Kelan Philip Cohran & the Hypnotic Brass Ensemble – Spin
Philip Cohran has been a force in avant-garde music since the early 1960s when he joined Sun Ra’s Arkestra (Angels and Demons at Play is perhaps my favorite Sun Ra record featuring Cohran). In Chicago, he was an early member of the AACM and recorded exceptional and exceedingly rare music with his group the Artistic Heritage Ensemble. At 85, with a musical career that began in the late 1940s, you would think he’d be comfortably retired, but geniuses it seems seldom retire. Instead he’s cut an album with 8 of his sons, one of my favorite contemporary groups, the Hypnotic Brass Ensemble. Los Angeles got a taste of this earlier in the year courtesy of a monumental concert put on by Art Don’t Sleep, but now everyone can bear witness to this fantastic collaboration via this album on Honest Jon’s.
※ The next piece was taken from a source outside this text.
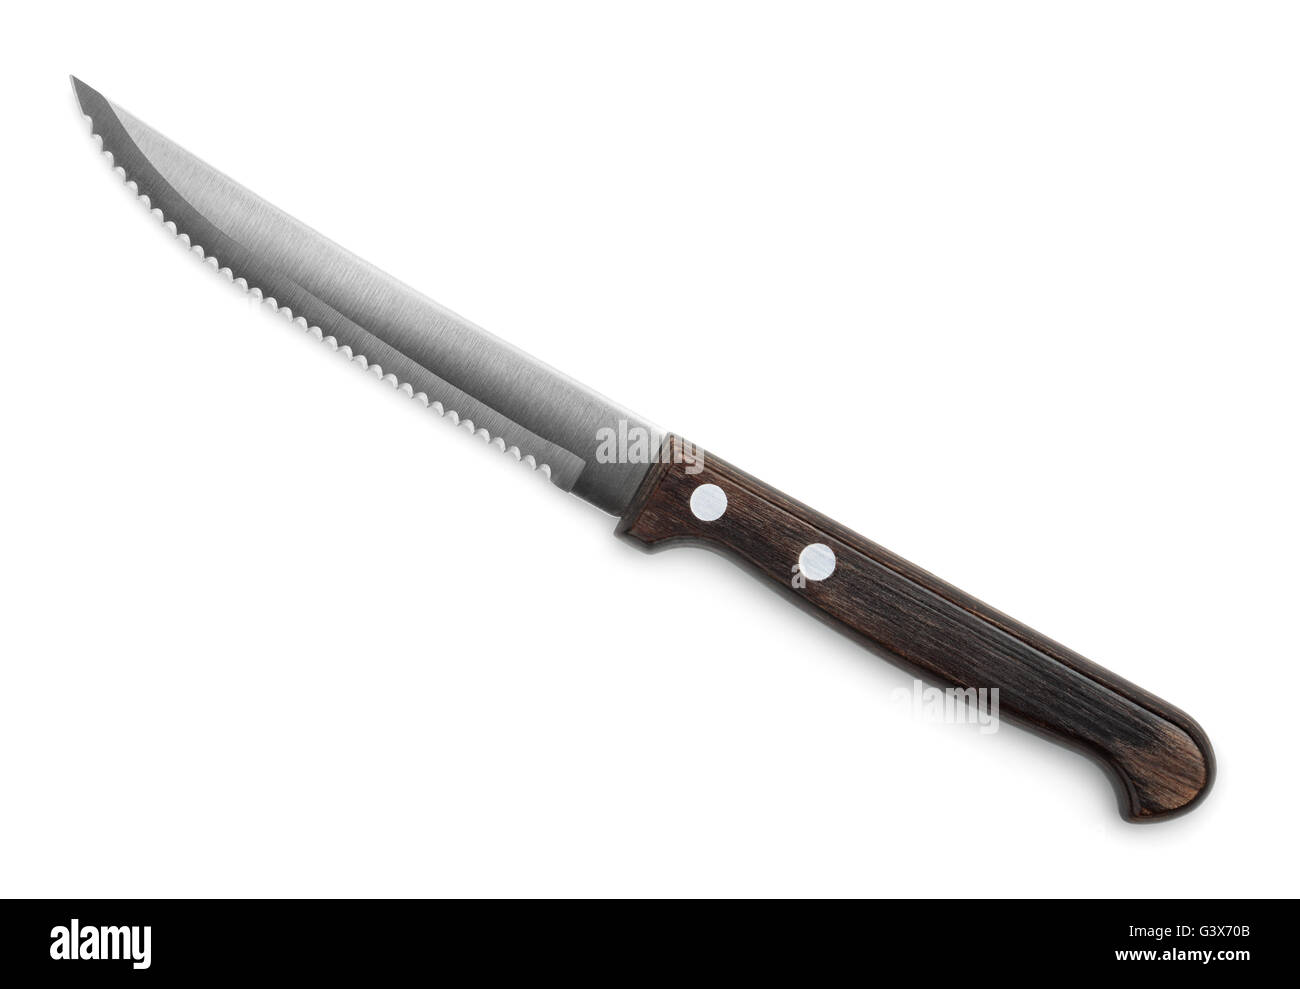 Kitchen knife isolated on white Stock Photo

Recorded last year in Chicago, the album is simply described by Cohran as “my music, and their band.” That assessment rings true in comparison to other HBE work, as the band downplays their signature funk for more contemplative jazz oriented sounds. Of all the tracks on the record, “Spin” feels like the one that best connects the sound of Philip Cohran and the Hypnotic Brass Ensemble. Beginning with the alternating sounds of a strummed zither and blasts of the horns, the song quickly settles into an otherworldly mid tempo funky spiritual jazz vibe. In the notes Cohran relates this track to how “everything in the cosmos spins, from the smallest objects we can see in a microscope to the largest galaxies…spin is the motion of all things whether it looks like it or not.” After a career that has spanned 8 decades and produced 8 sons to carry on his legacy, I’m thankful that Cohran has not decided to rest, but continued to stay at work and stay in motion, giving us a few more gifts in the 7 compositions on this CD and hopefully more to come in future collaborations with family.